Researchers find increase in ‘good’ years of life in recent decades
MONDAY, June 13, 2016 (HealthDay News) — American seniors with diabetes are starting to live longer without disabilities, according to a study published online June 10 in The Lancet Diabetes & Endocrinology.
Researchers analyzed data from national surveys and found that adults with either type 1 or type 2 diabetes who were born in the 1940s generally became disabled at an older age than those born in the 1930s. Still, the study also found that after age 50, those with either type 1 or type 2 diabetes had a shorter life expectancy before age 70 and more years of living with disability than those without diabetes.
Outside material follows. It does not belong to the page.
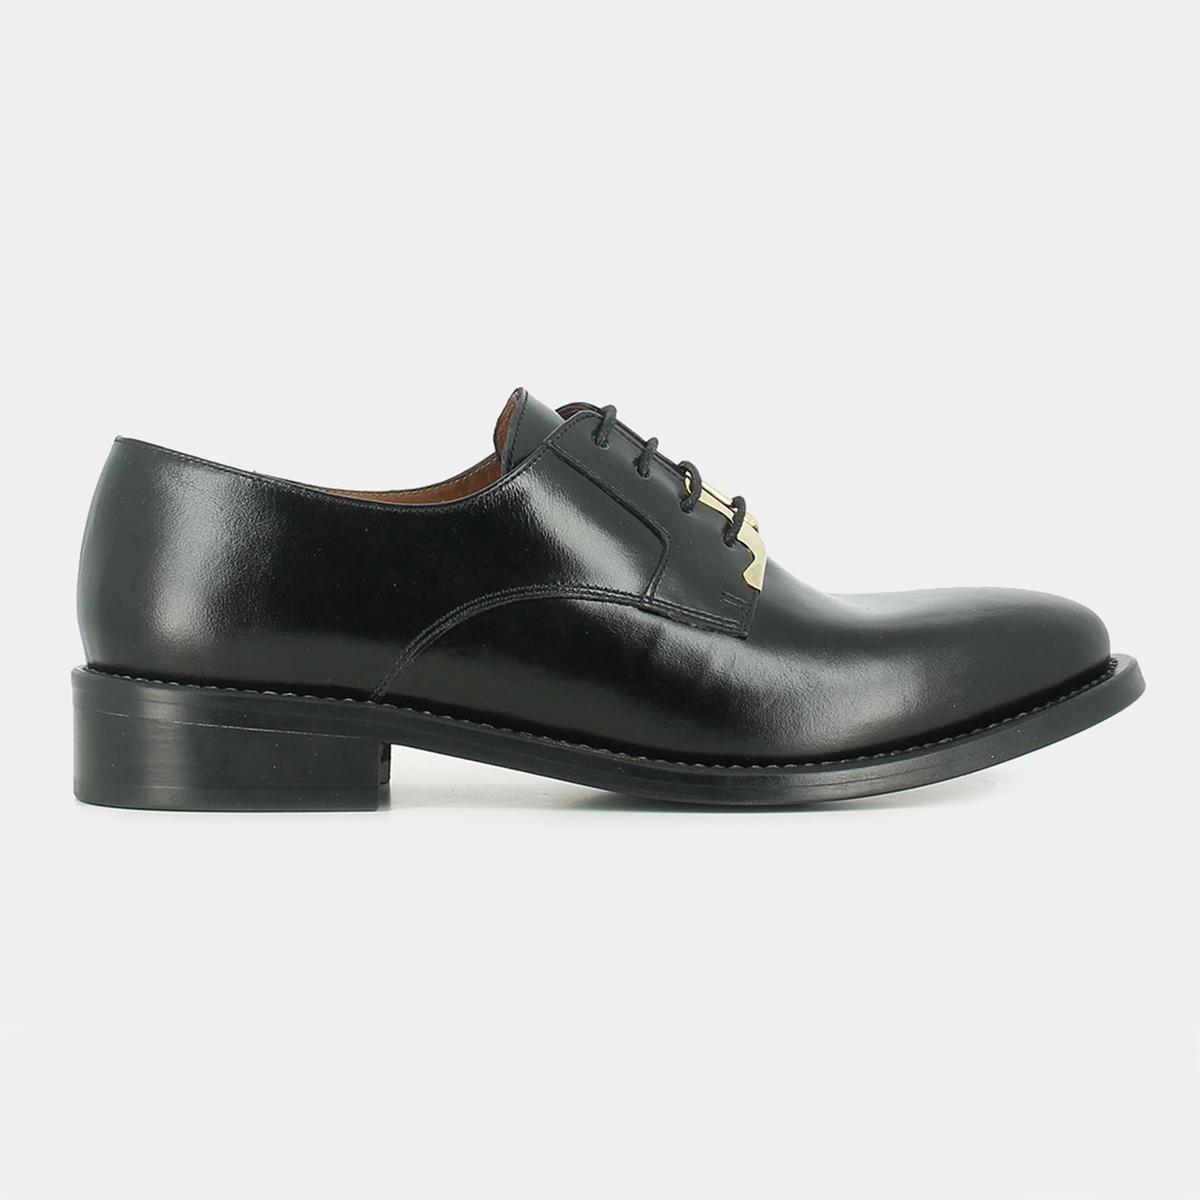 Ботинки-дерби из кожи Dagonet ботинки дерби из кожи dagonet

“Over the past two decades, we have seen an increase in the length of good disability-free years of life in older Americans aged 50 to 70, both with and without diabetes,” study author Barbara Bardenheier, Ph.D., from the U.S. Centers for Disease Control and Prevention in Atlanta, said in a journal news release. “Our findings suggest that efforts to promote healthy lifestyles, advancements in the management of diabetes and other chronic conditions such as heart disease, and the increasing popularity of procedures such as hip and knee replacements have been successful in ‘compressing disability’ — reducing the number of years with disability into later years.”
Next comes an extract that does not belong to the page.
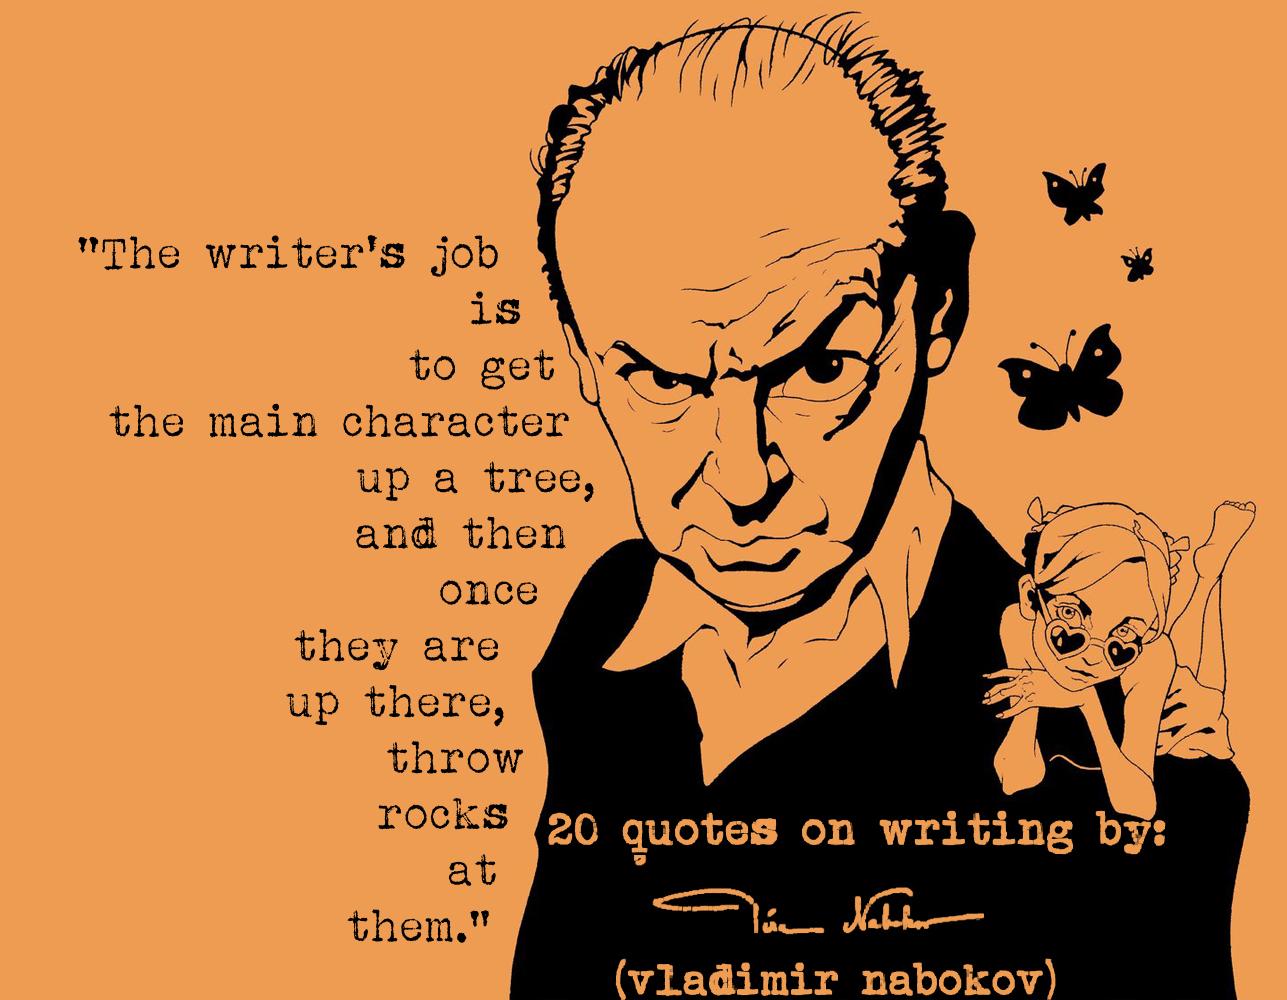 Vladimir Nabokov's quote #2

Whether the trend will continue remains to be seen, the researchers added. “This study is important as it highlights the success and advancements in the management of chronic conditions in the postponement of disability,” Evelyn Wong, Ph.D., from Deakin University in Melbourne, Australia, author of an editorial accompanying the study, said in the news release. However, she added, “future studies on the cost of this postponement of disability in light of the increasing prevalence of diabetes [need] to be considered.”